Stay up to date with notifications from The Independent

Notifications can be managed in browser preferences.

Coronavirus: Trump travel bans were too late to prevent Covid-19 transmission, as CDC confirms outbreak came from Europe

European virus strain likely circulating in New York City by as late as early March before White House restrictions

Alex Woodward
New York
Thursday 16 July 2020 18:24 BST
Comments
Trump fans cheer and whoop as he calls Covid-19 'the plague from China'

By the time Donald Trump‘s administration imposed travel restrictions from Europe into the US at the onset of the coronavirus pandemic, the virus had been circulating widely in New York City, according to a new report from the Centres for Disease Control and Prevention (CDC).

A month after the president imposed a travel ban from China on 2 February, a virus strain that more closely resembled one from Europe was infecting New Yorkers. By mid-March, community transmission was widespread, the CDC reports.

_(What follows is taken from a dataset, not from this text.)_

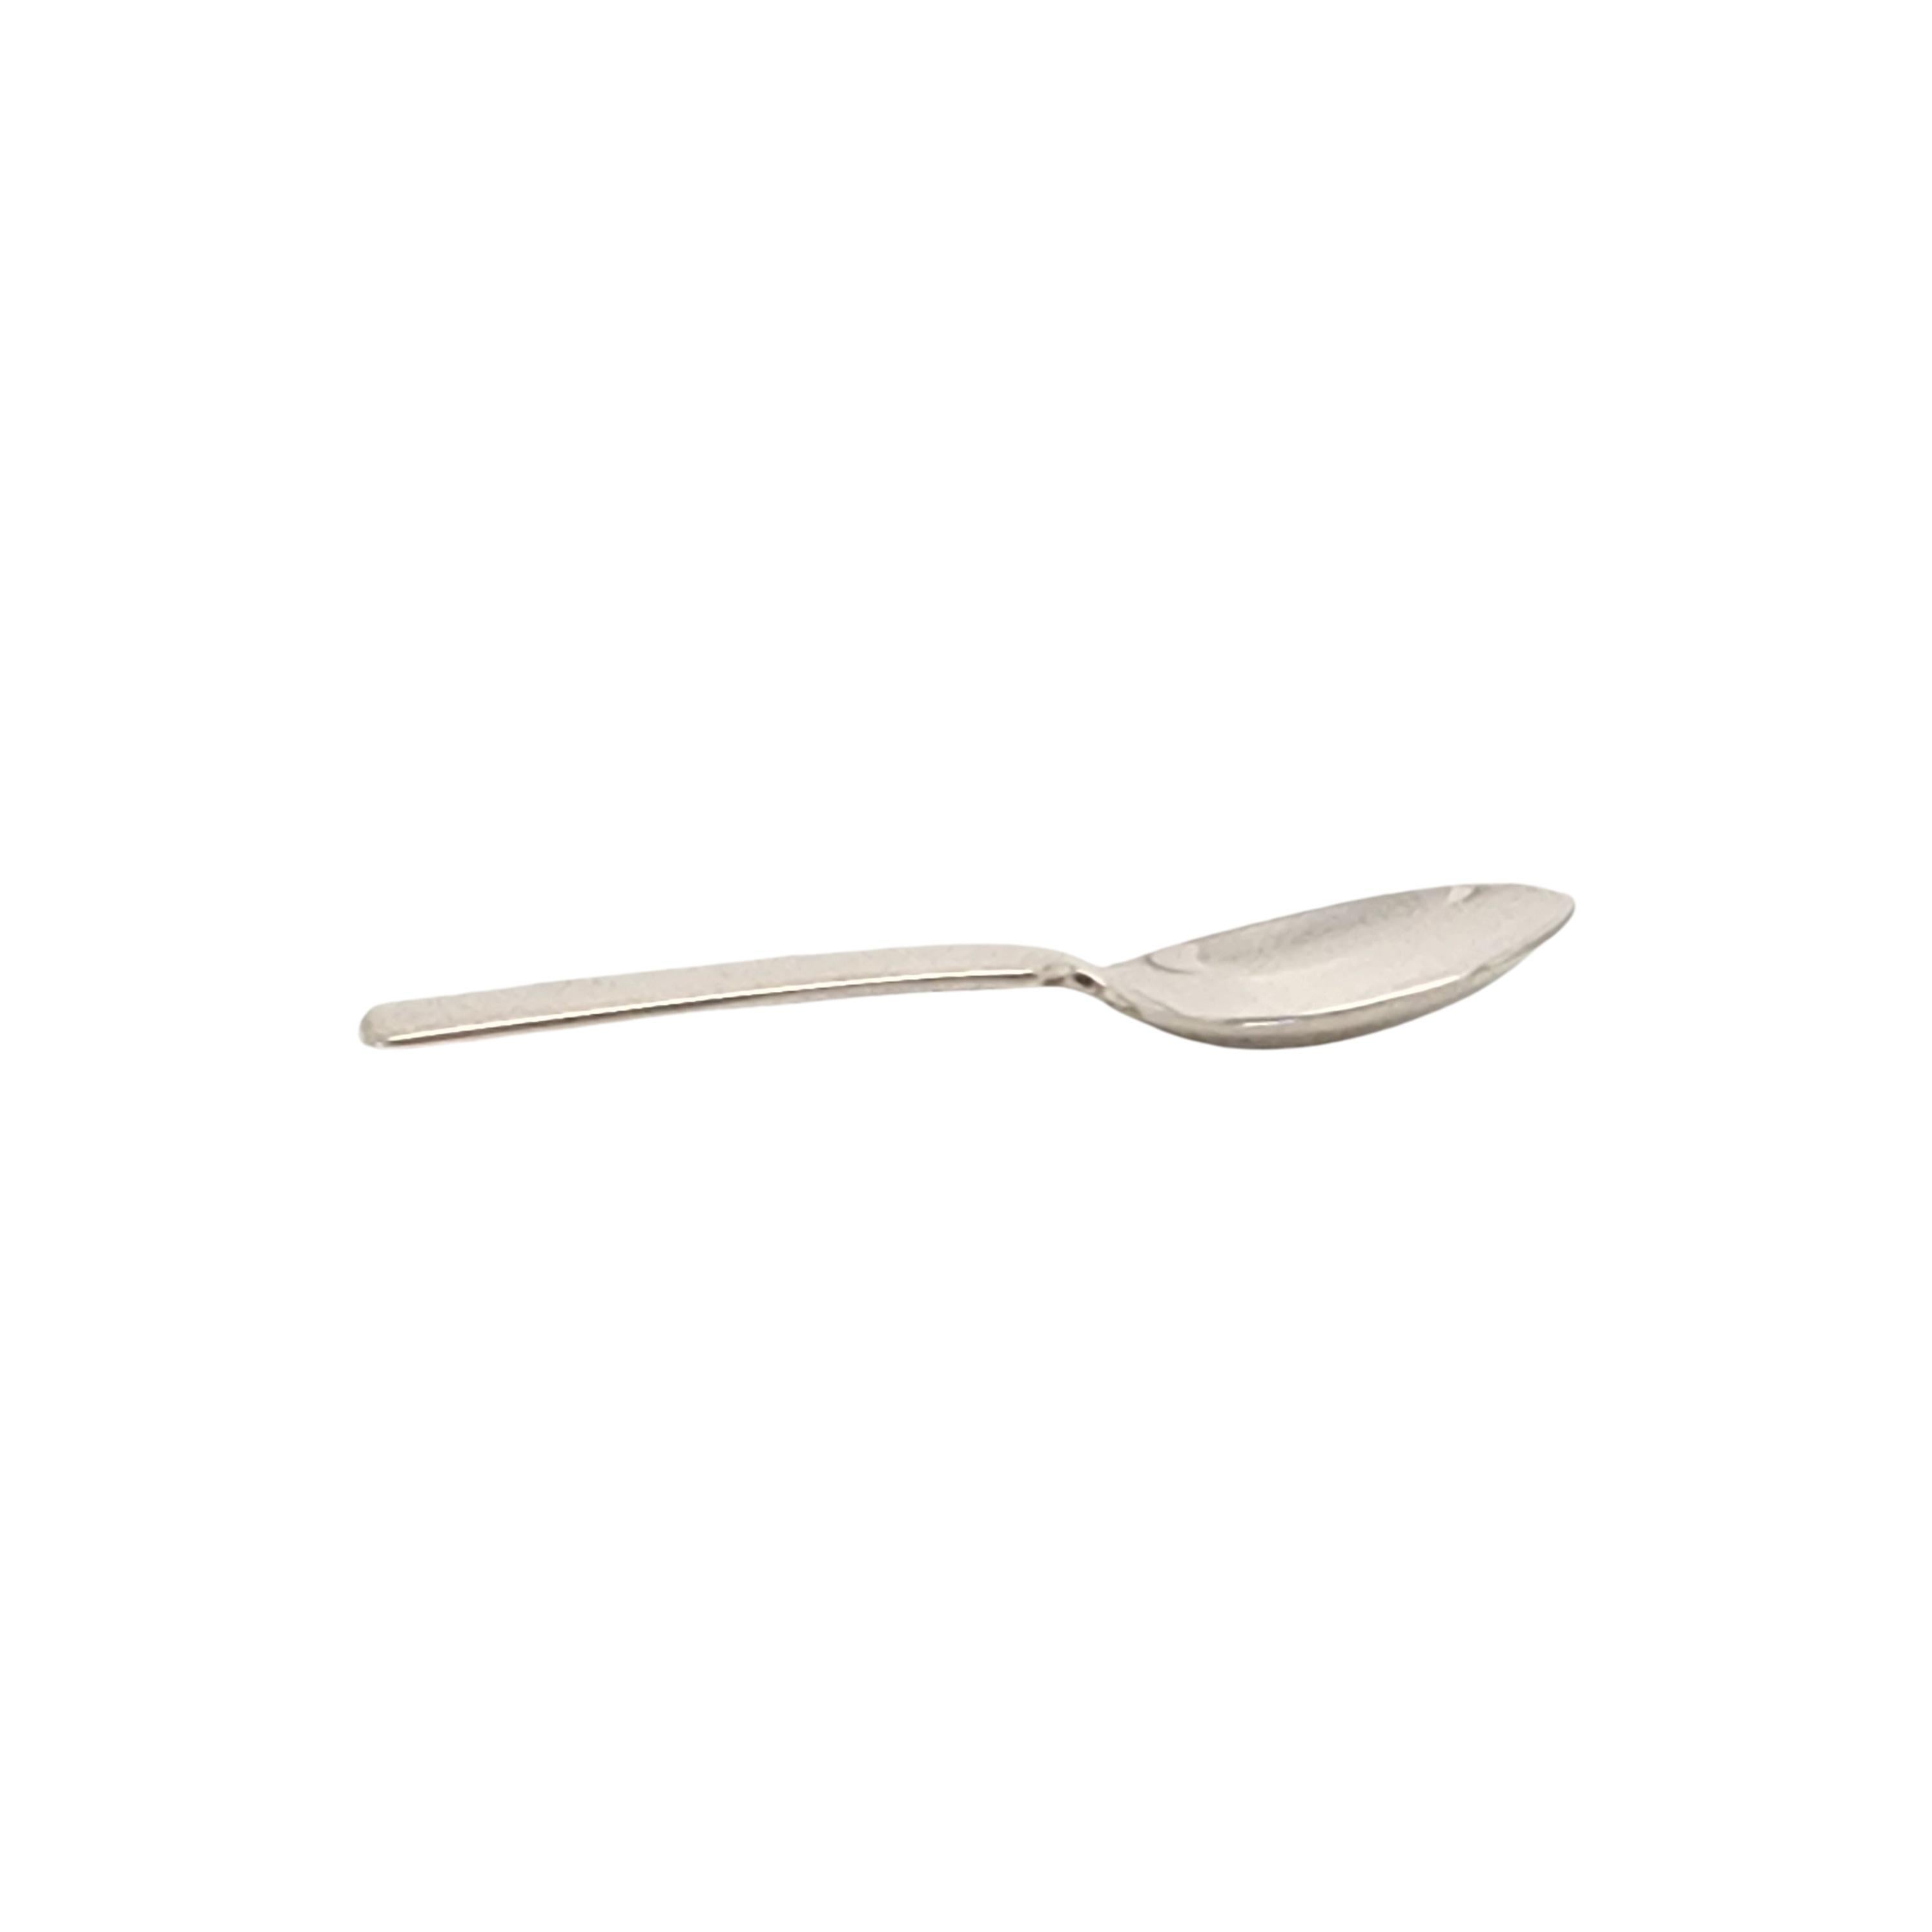 Women's Dominick & Haff for Cartier Sterling Silver Baby Spoon #16712 For Sale
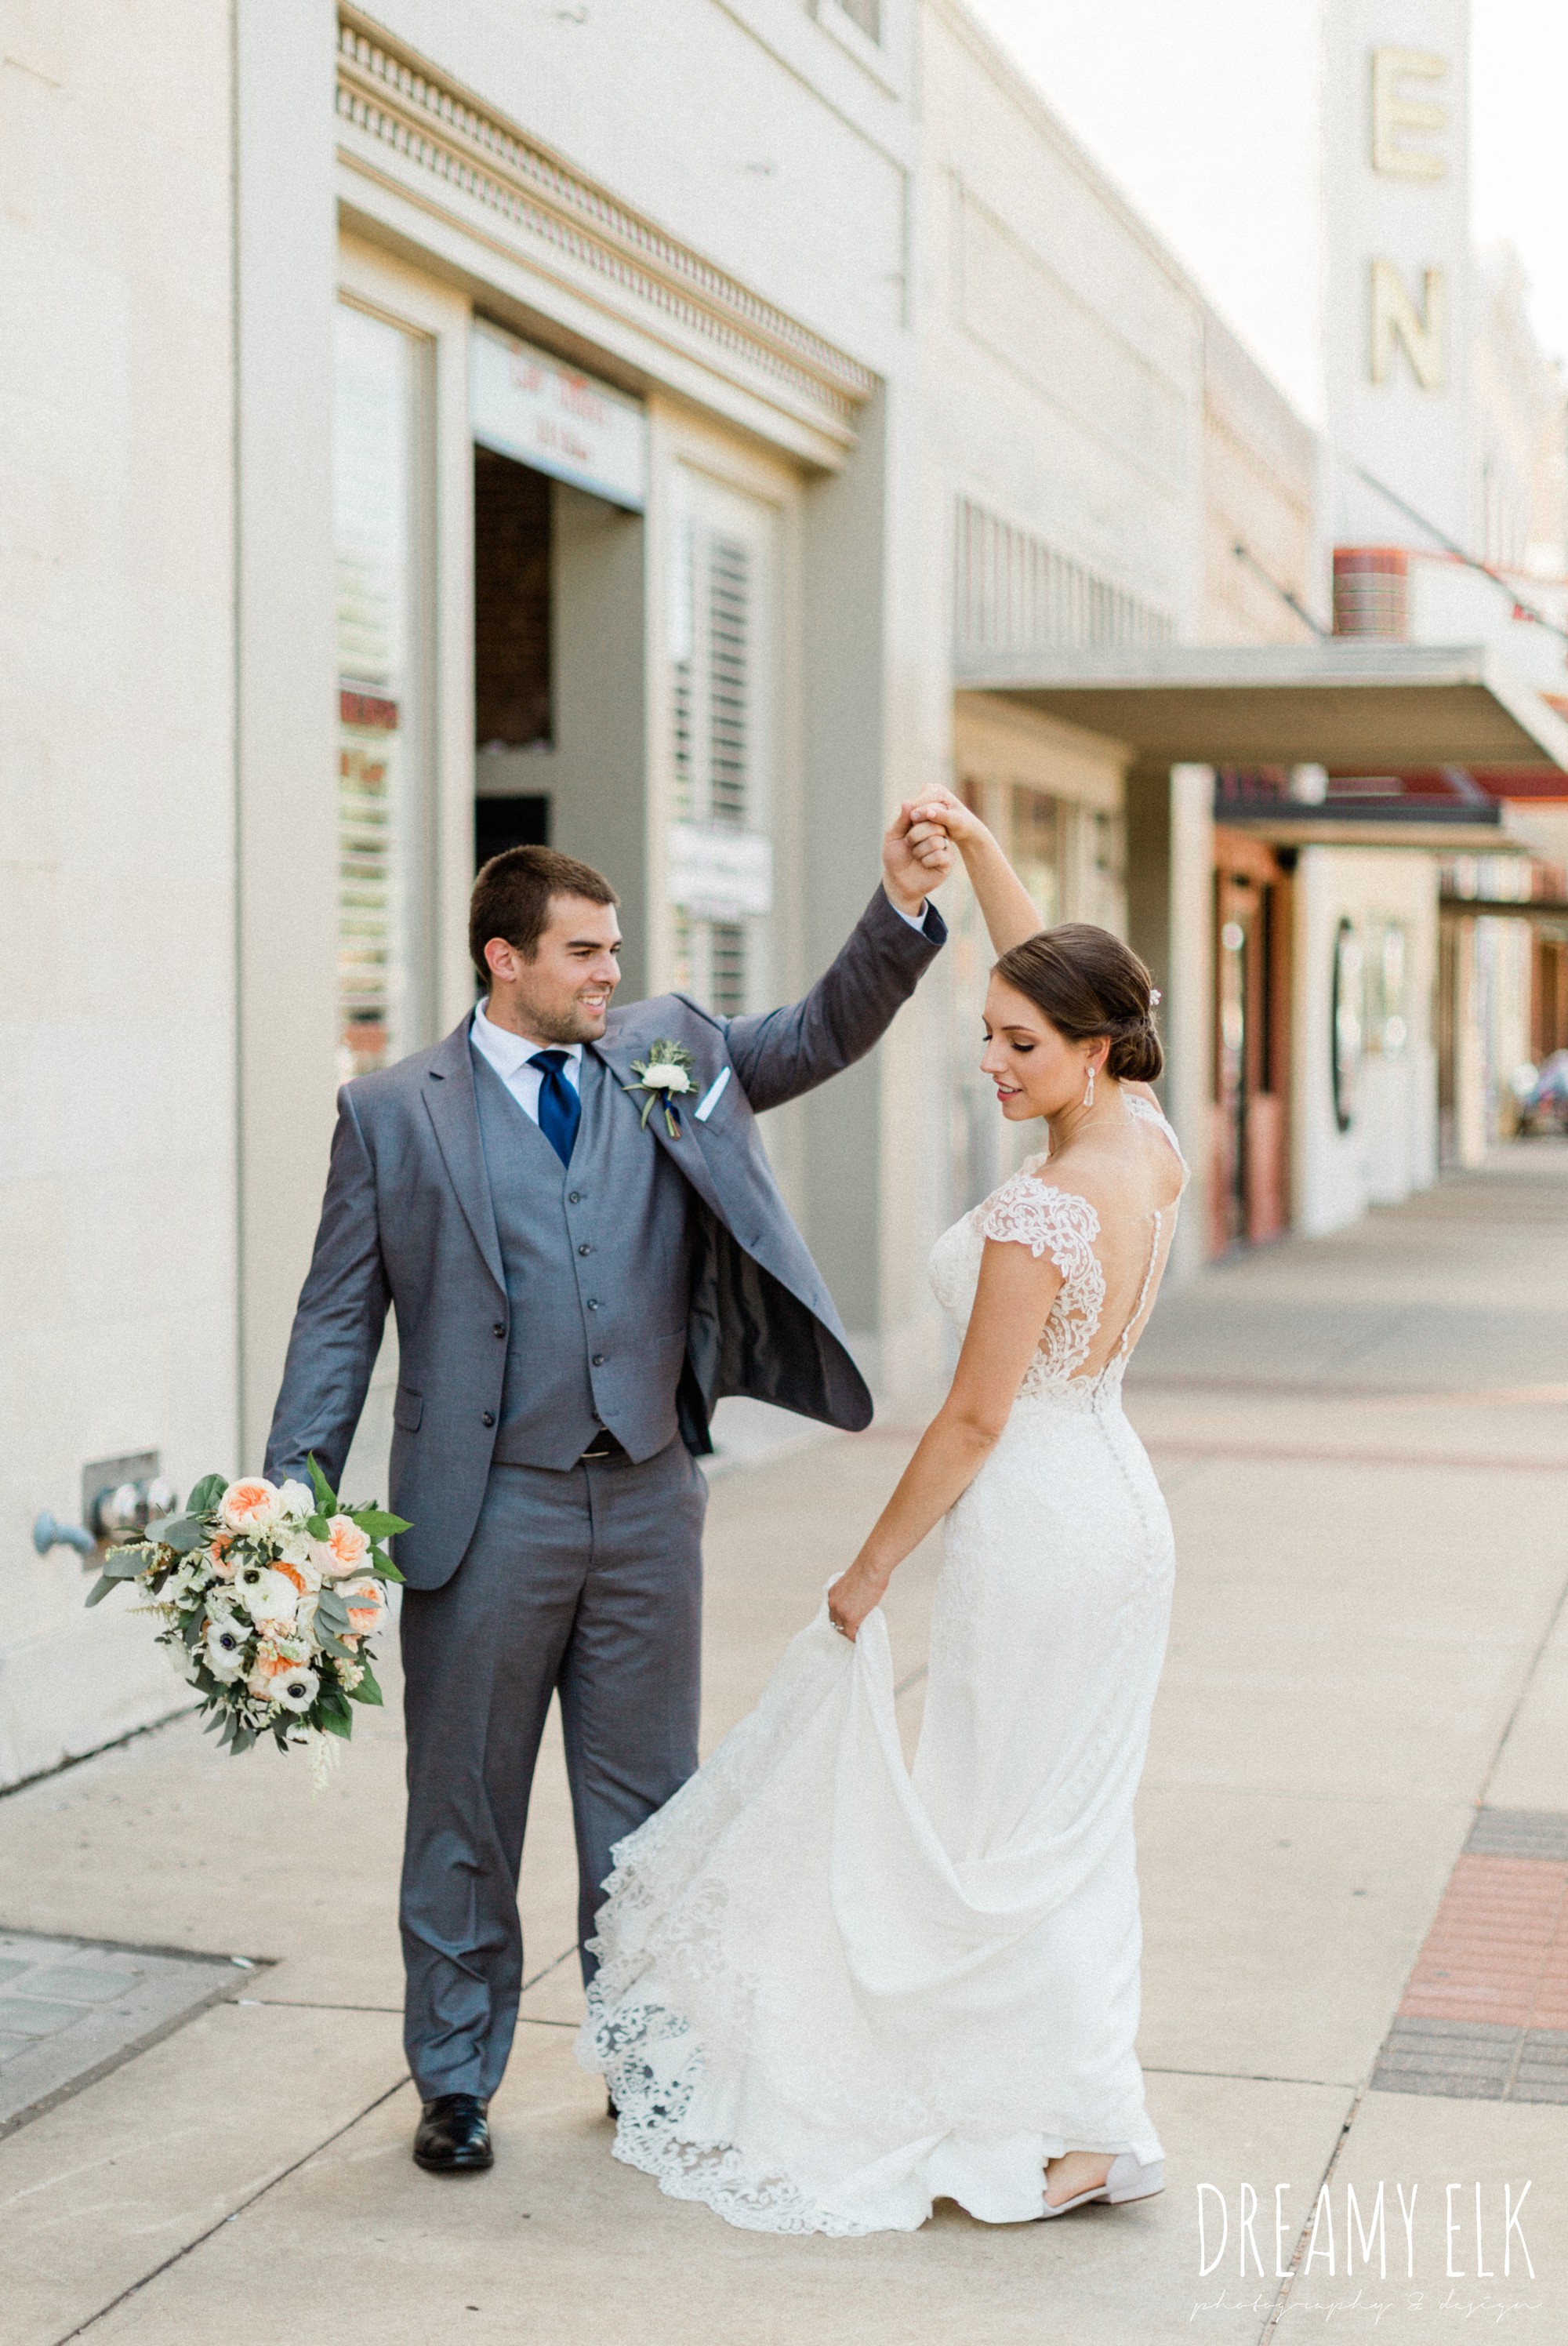 gray suit, navy tie, bride and groom, essense of australia column dress, unforgettable floral, spring wedding photo college station texas, dreamy elk photography and design

“The virus came to New York, and Americans died, because of government failure,” New York Governor Andrew Cuomo said in a call with reporters on Thursday. ”They missed the science.”

The study collected samples from the New York Department of Health and Mental Hygiene from 1 March through 20 March. On 8 March, the department announced it had detected community transmission of the virus.

Among 544 specimens that the CDC studied from patients with flu-like illnesses that tested negative for influenza, 36 tested positive for Covid-19, and “genetically sequenced positive specimens most closely resembled sequences circulating in Europe,” according to the report.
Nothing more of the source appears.